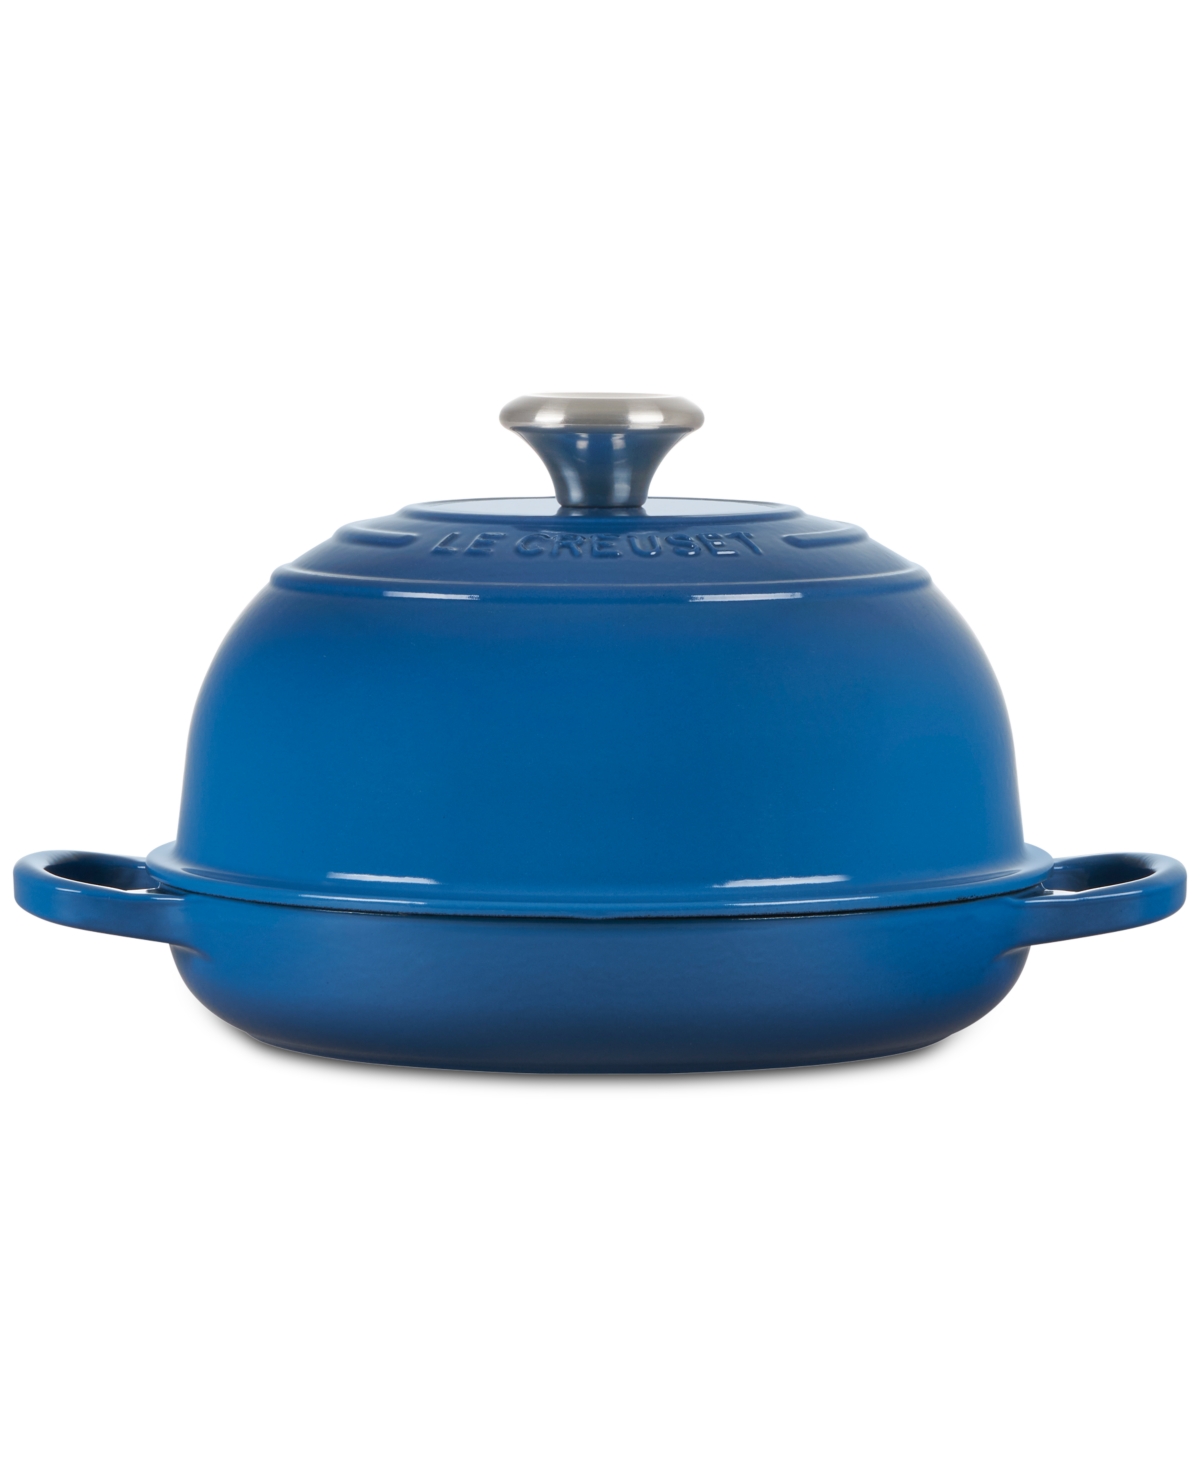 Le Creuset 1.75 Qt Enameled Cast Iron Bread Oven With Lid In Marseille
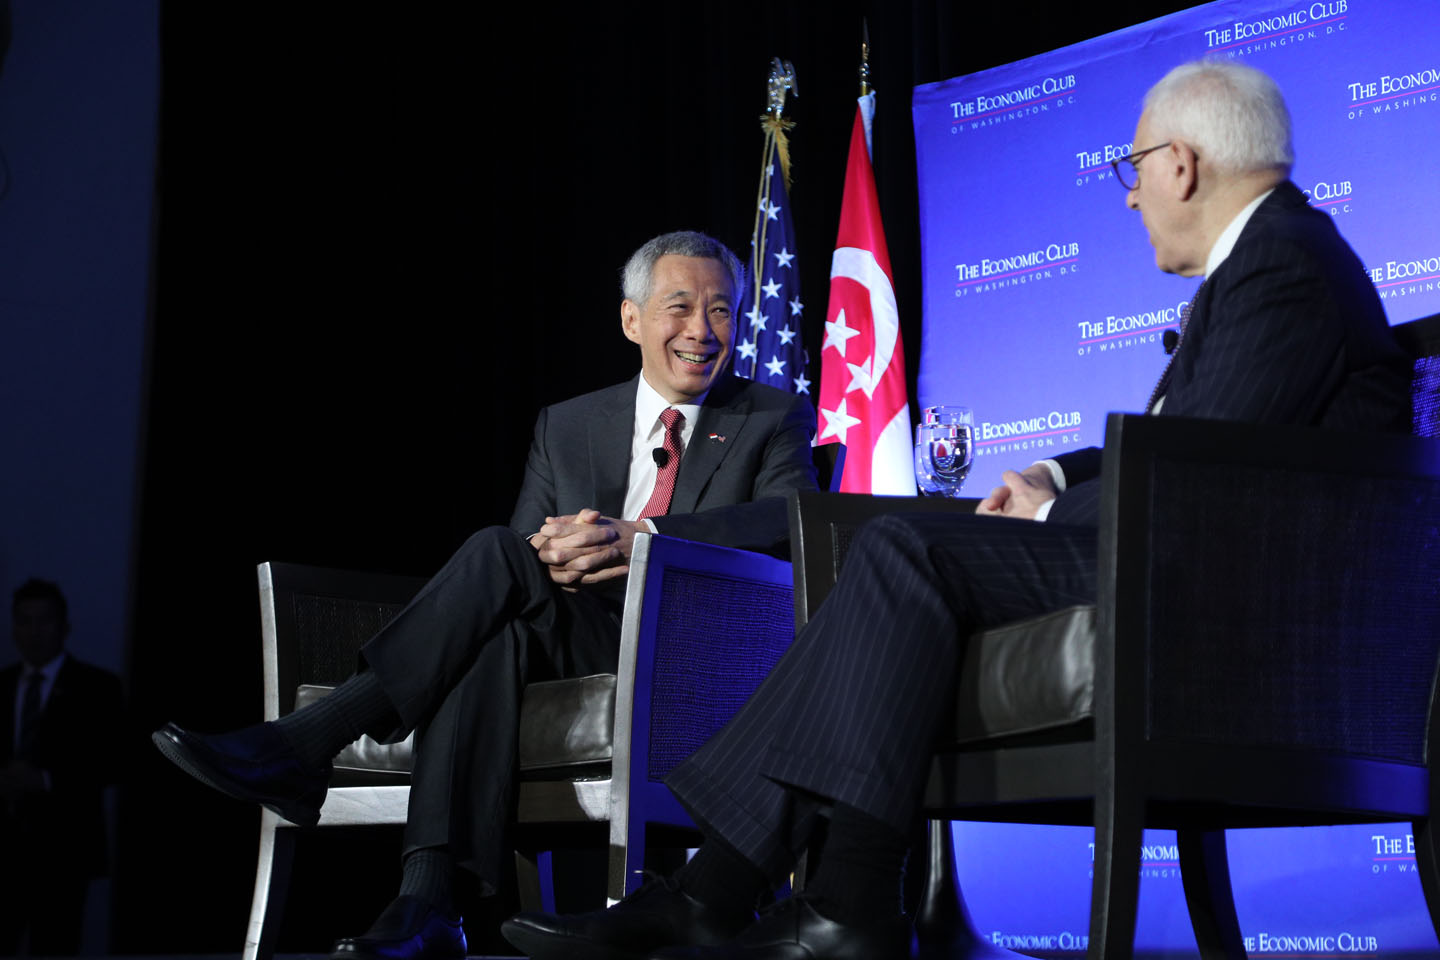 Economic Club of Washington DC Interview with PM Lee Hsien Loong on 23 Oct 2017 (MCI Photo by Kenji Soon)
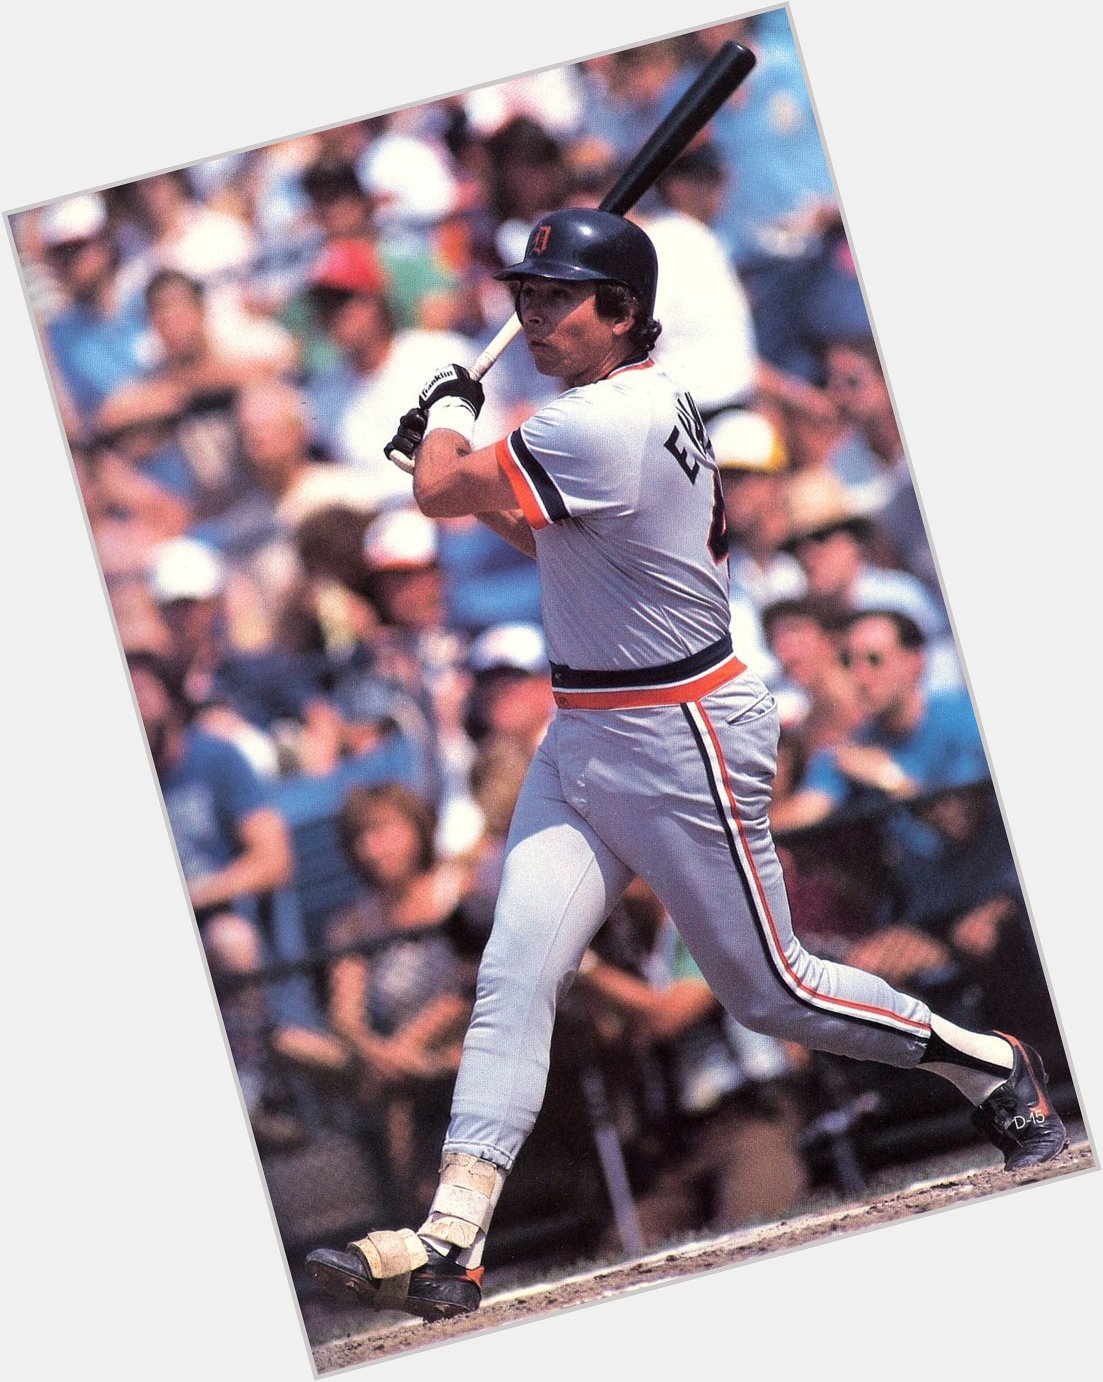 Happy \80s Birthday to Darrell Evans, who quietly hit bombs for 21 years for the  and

# WORK REQUIRED:
Every line above is to be repeated exactly, but no picture is to appear in the copy.

# RESPONSE AREA:
 Le Creuset 1.75 Qt Enameled Cast Iron Bread Oven With Lid In Marseille
 Economic Club of Washington DC Interview with PM Lee Hsien Loong on 23 Oct 2017 (MCI Photo by Kenji Soon)
 Happy \80s Birthday to Darrell Evans, who quietly hit bombs for 21 years for the  and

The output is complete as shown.